Ask: "Delete pipeline run <name>? This will remove the run record and associated pods. (yes/no)" WAIT for confirmation.
MCP Tool: resources_delete (from openshift) with apiVersion tekton.dev/v1, kind PipelineRun, name, namespace.
Delete the pipeline server (DESTRUCTIVE):
Display warning: deleting the DSPA removes all pipeline runs, history, API/UI endpoints, and terminates running pipelines. S3 data is preserved.
Ask: "Type the namespace name <namespace> to confirm deletion:" WAIT for typed confirmation. Verify exact match.
MCP Tool: delete_pipeline_server (from rhoai) with namespace, confirm=true.
Verify via get_pipeline_server (from rhoai). Confirm removal.
Error Handling:
- If typed confirmation mismatch -> Cancel deletion
- If RBAC error -> Report insufficient permissions
- If pipeline server not found -> Report no server in namespace
Common Issues
For common issues (GPU scheduling, OOMKilled, image pull errors, RBAC), see common-issues.md.
Issue 1: Pipeline Server Not Ready
Cause: Invalid S3 credentials, unreachable S3 endpoint, or database connectivity issues.
Solution: Use diagnose_resource for automated diagnostics. Check data connection credentials via list_data_connections. Verify S3 bucket accessibility. Check DSPA pod logs for specific errors.
Issue 2: Pipeline Run Stuck in Pending
Cause: Insufficient resources, missing ServiceAccount, unbound PVC, or scheduling issues.
Solution: Check events for scheduling errors. Verify ServiceAccount pipeline-runner-dspa exists. Check ResourceQuota/LimitRange. For GPU pipelines, verify availability via /ai-observability.
Issue 3: Step OOMKilled
Cause: Step container exceeded memory limit.
Solution: View step logs before OOM kill.

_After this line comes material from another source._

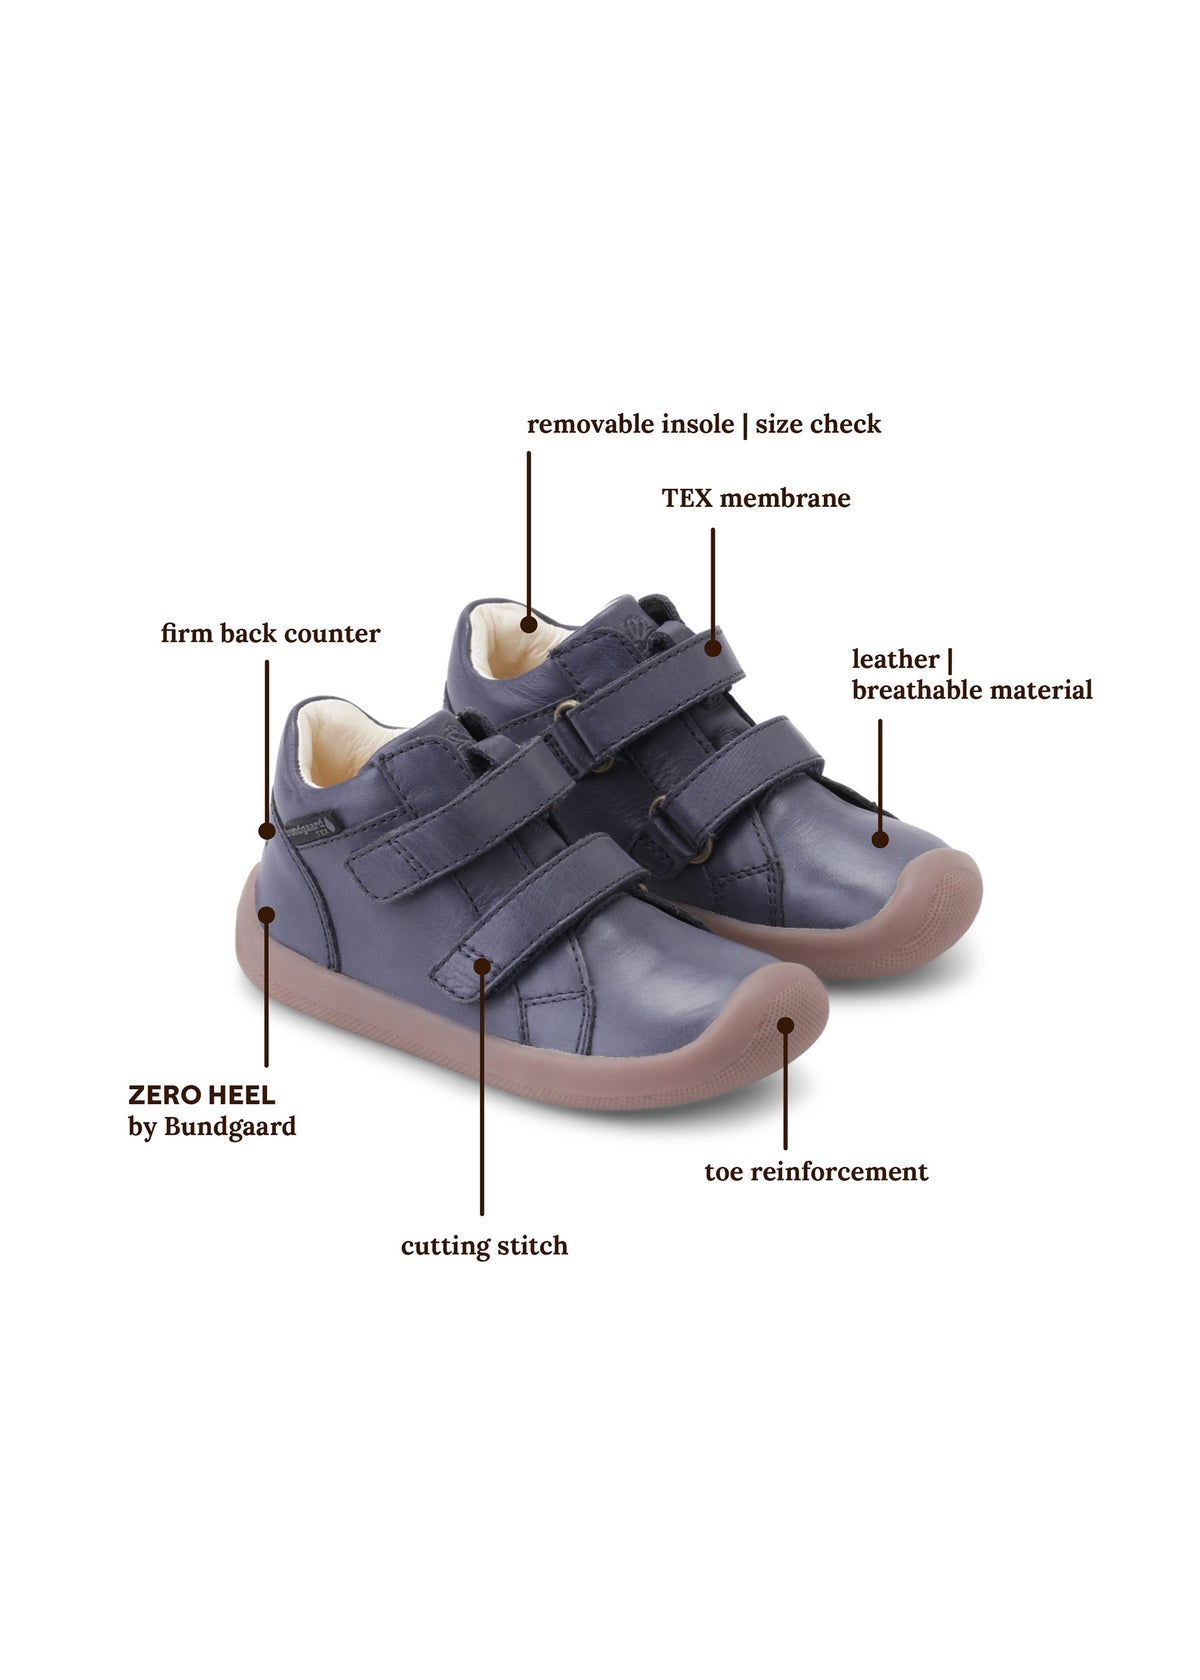 Kardborrsneakers för barn med TEX-membran - The Walk Velcro Tex, mörkblå, Bundgaard Zero Heel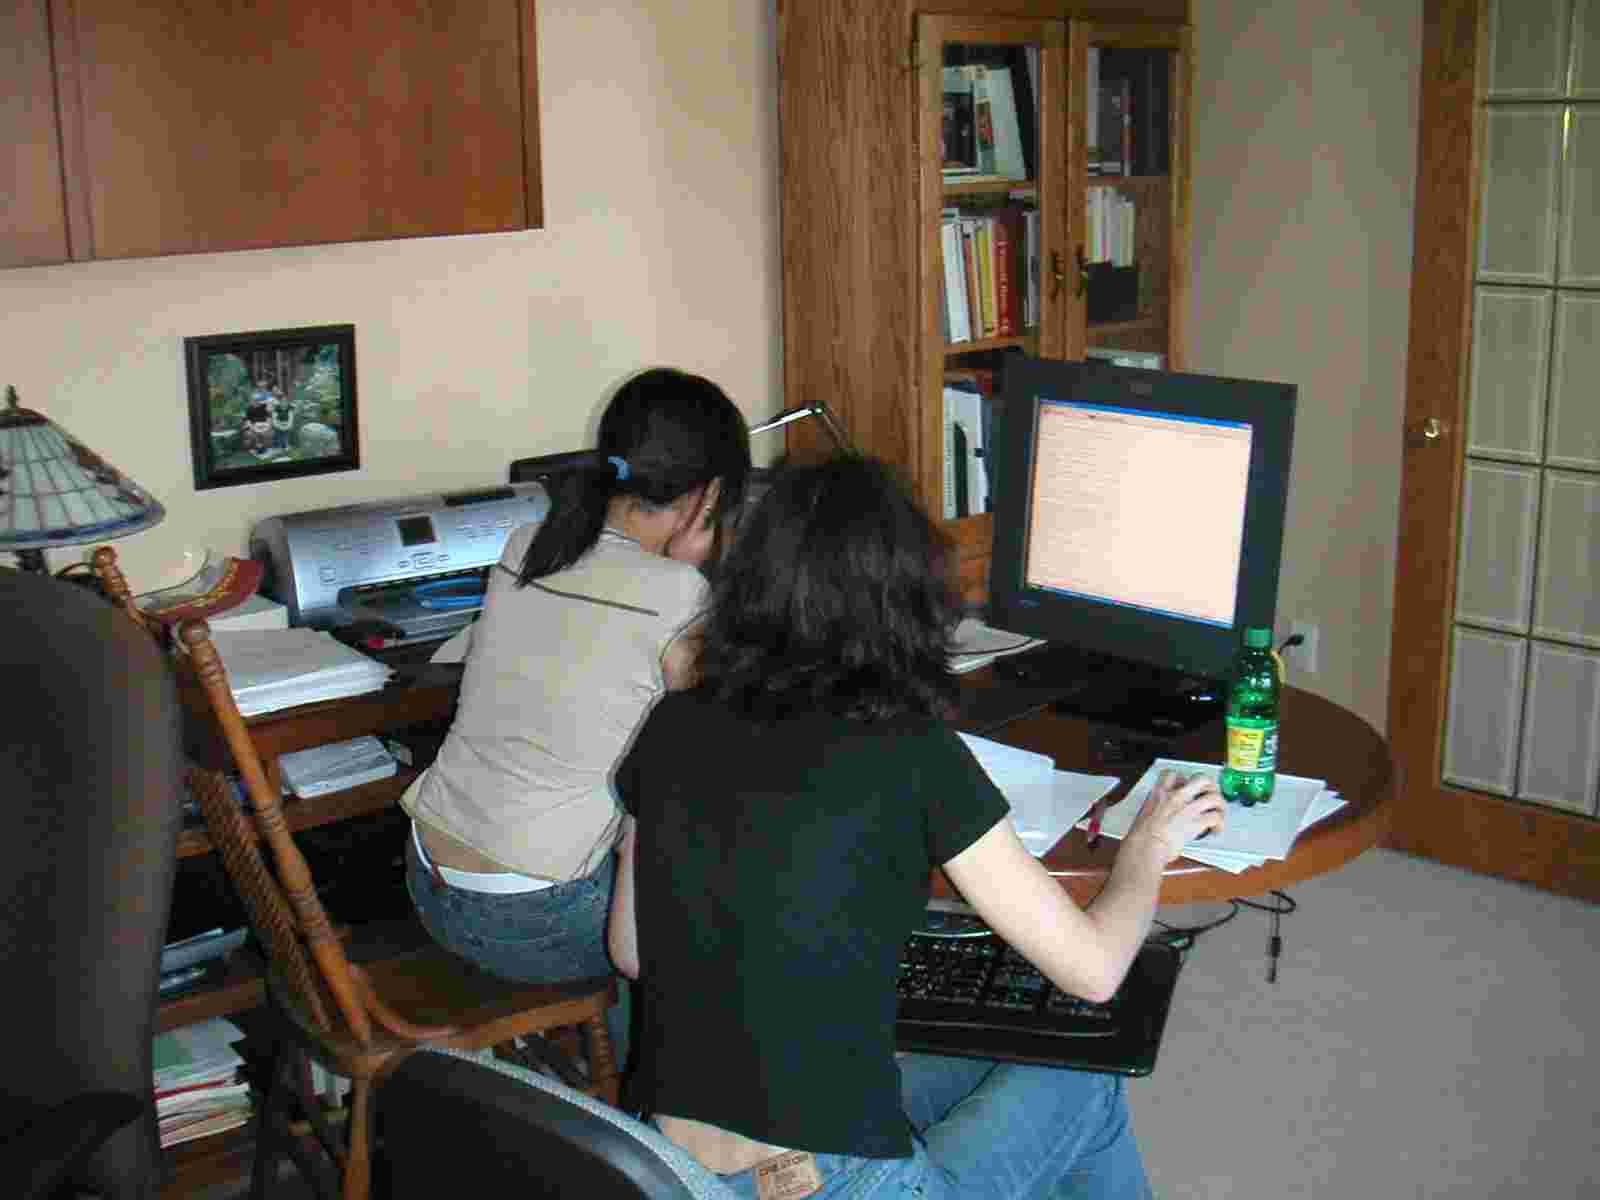 ZhengZheng and Jarka working

Increase resources.limits.memory in the pipeline YAML. Consider streaming data for data-intensive steps.
Issue 4: S3 Artifact Upload Fails
Cause: Expired credentials, missing bucket, or unreachable endpoint.
Solution: Verify data connection via list_data_connections. Check S3 bucket exists. Re-create data connection if credentials rotated.
Issue 5: Schedule Not Triggering
Cause: Invalid cron, ScheduledWorkflow controller not running, or schedule disabled.
Solution: Verify ScheduledWorkflow CR spec.enabled is true. Validate cron format. Check controller pod logs. Verify startTime/endTime constraints.
Dependencies
MCP Tools
See Prerequisites for the complete list of required MCP tools.
Related Skills
/ds-project-setup- Create a Data Science Project with data connections (prerequisite for pipeline server)/model-deploy- Deploy a model produced by a pipeline/model-registry- Register models produced by pipeline runs/ai-observability- Check GPU/cluster resources before running resource-intensive pipelines/debug-inference- Debug models deployed from pipeline outputs
Reference Documentation
- skill-conventions.md - Shared prerequisite, HITL, and security conventions
Critical: Human-in-the-Loop Requirements
See skill-conventions.md for general HITL and security conventions.
Skill-specific checkpoints:
- Before creating pipeline server (Step 2): display S3 storage configuration, confirm
- Before submitting pipeline run (Step 4): display run configuration table, confirm
- Before scheduling recurring run (Step 5): display cron schedule and parameters, confirm
- On pipeline failure (Step 6): present diagnostic options, wait for user decision
- Before deleting pipeline run (Step 8): display run details, confirm
- Before deleting pipeline server (Step 8): display destructive warning, require typed namespace confirmation
- NEVER auto-submit pipeline runs without confirmation
- NEVER auto-delete pipeline servers or auto-retry failed runs
- NEVER display S3 credentials or secret values in output
Example Usage
User: "Set up the pipeline server in my ml-training project and run a data preprocessing pipeline"
Skill response: Validates project, sets up pipeline server with S3 data connection after confirmation, monitors readiness, then gathers pipeline YAML, presents run config for confirmation, submits PipelineRun, and monitors step-level progress.